5. Specific hemoglobinopathies (Hb Kansas, Hb Seattle).
Left Shift (Increased Oxygen Affinity - Reduced Release to Tissues):
1. Low $[H^+]$ (High pH).
2. Low $PCO_2$ .
3. Low Temperature.
4. Low $2,3-DPG$ (e.g., Hexokinase deficiency, Hypothyroidism, Banked blood).
5. Congenital hemoglobinopathies (Hb Rainier, Hb Hiroshima, Hb San Francisco).
6. Carboxyhemoglobin.

Red Cell Pathology and Morphology

General Terms:
- Anisocytosis: Cells of unequal/various sizes.
- Poikilocytosis: Cells of various/abnormal shapes.
Specific Cell Abnormalities:
- Elliptocytes: Seen in hereditary elliptocytosis, iron deficiency anaemia, myelofibrosis, megaloblastic anemia, sickle cell anaemia.
- Spherocytes: Seen in hereditary spherocytosis, acquired haemolytic anaemia (AIHA), physical/chemical injury, and heat damage.
- Leptocytes (Target Cells): Seen in liver disease (obstructive jaundice), post-splenectomy, thalassemia, Hb C disease, and Hb H disease.
- Schistocytes (Cell Fragments): Indicate haemolysis; seen in megaloblastic anaemia, severe burns, traumatic haemolysis, and microangiopathic haemolytic anemia.
- Acanthocytes (Spicule Cells): Irregular surface spicules with bulbous ends; seen in liver disease.
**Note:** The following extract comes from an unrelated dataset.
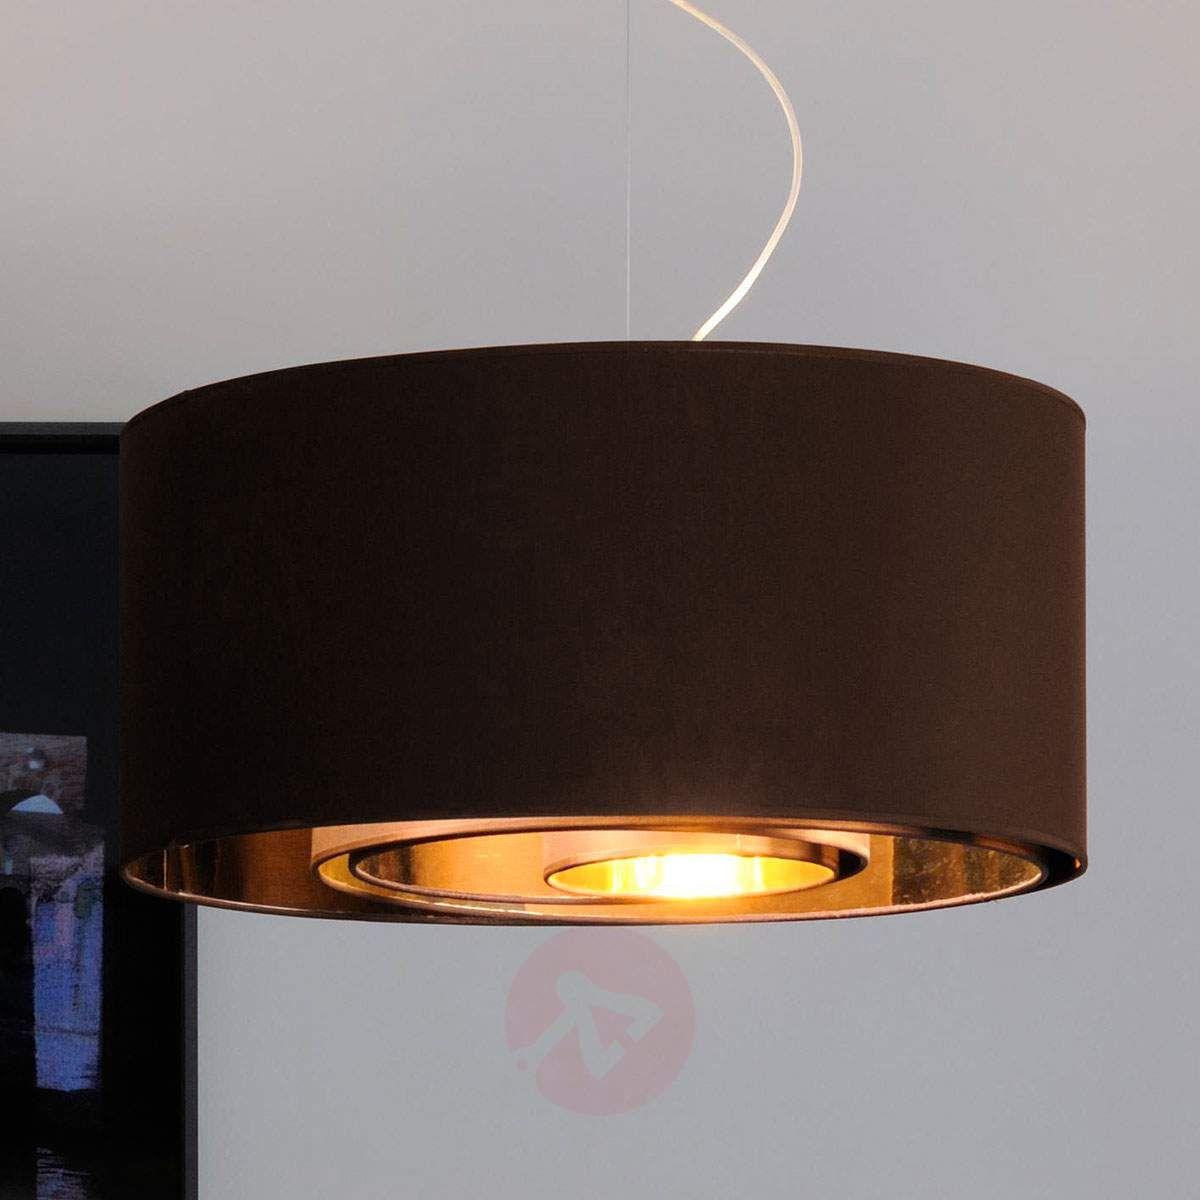 Lampa Wisząca Circles 65 Cm Brąz Złota Lampy Wiszące W

- Echinocytes (Crenated/Burr Cells): Regular smooth surface undulations; seen in uremia, artefact, and hyperosmolarity.
- Bite Cells: Result from membrane removal by splenic macrophages; seen in G6PD deficiency.
- Dacrocytes (Teardrop Cells): Seen in thalassemia and myelofibrosis.
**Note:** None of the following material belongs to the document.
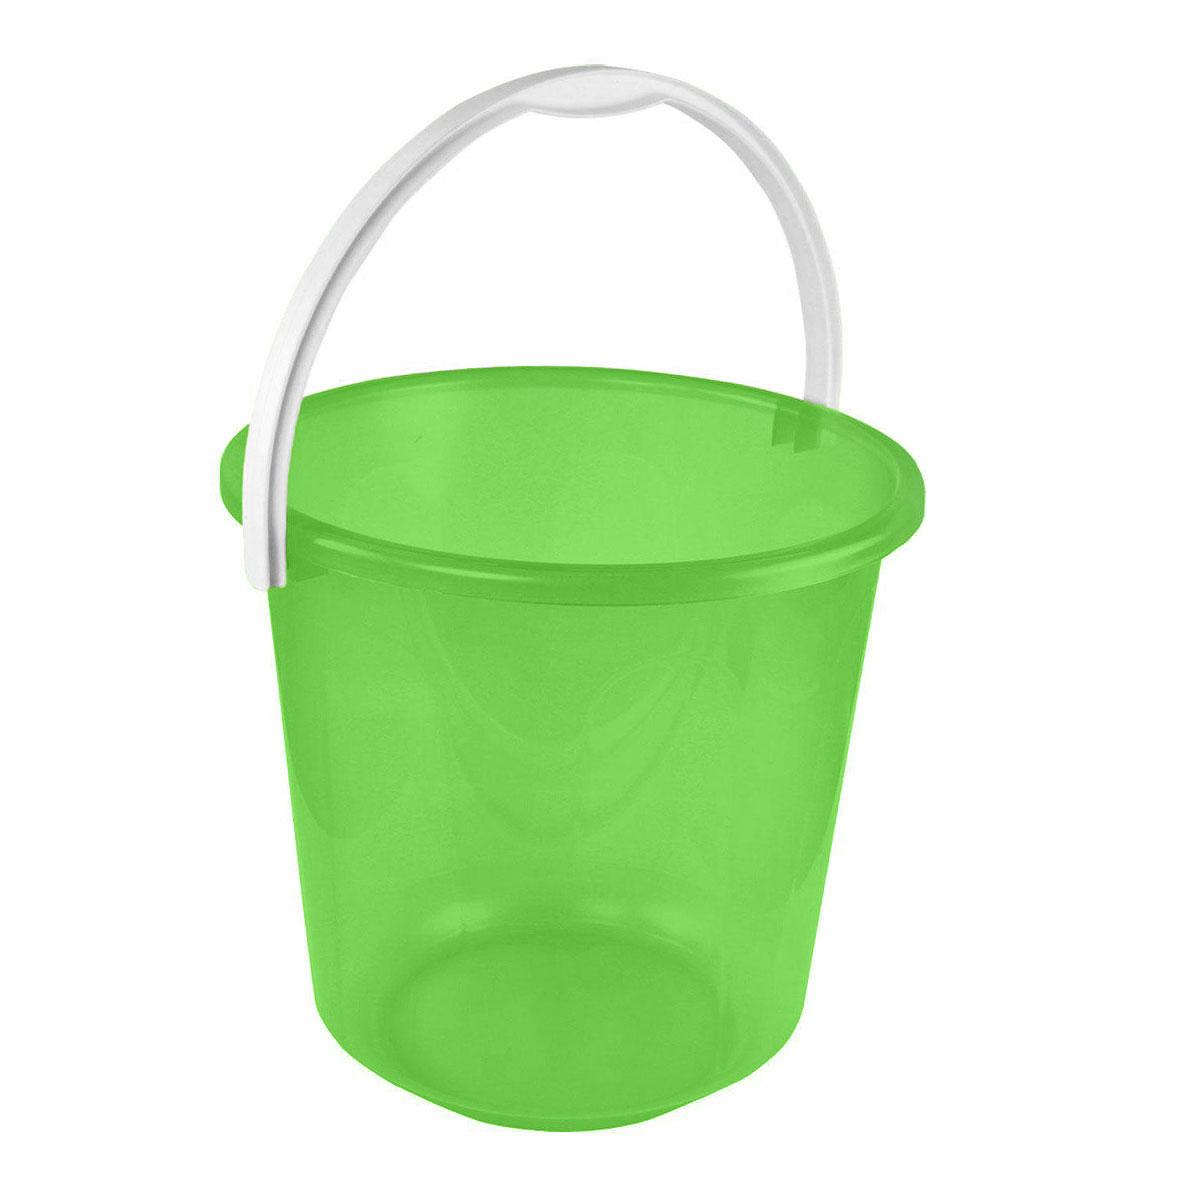 Ведро Альтернатива Хозяюшка, цвет: зеленый, 10 лМ1212Ведро Альтернатива Хозяюшка изготовлено из высококачественного пластика и оснащено отметками литража. Оно легче железного и не подвержено коррозии. Ведро имеет удобную пластиковую ручку. Такое ведро станет незаменимым помощником в хозяйстве. Идеально для хранения пищевых отходов. Размер: 28 см х 28 см х 26,5 см.

- Drepanocytes (Sickle Cells): Diagnostic of sickle cell anemia.
- Rouleaux: RBCs stacked like coins; characteristic of multiple myeloma.
Red Cell Inclusions:
- Howell-Jolly Body: Remnant of nuclear chromatin. Single bodies seen in megaloblastic/hemolytic anemia or post-splenectomy. Multiple bodies suggest abnormal erythropoiesis.
- Heinz Bodies: Inclusions of denatured haemoglobin; associated with G6PD deficiency.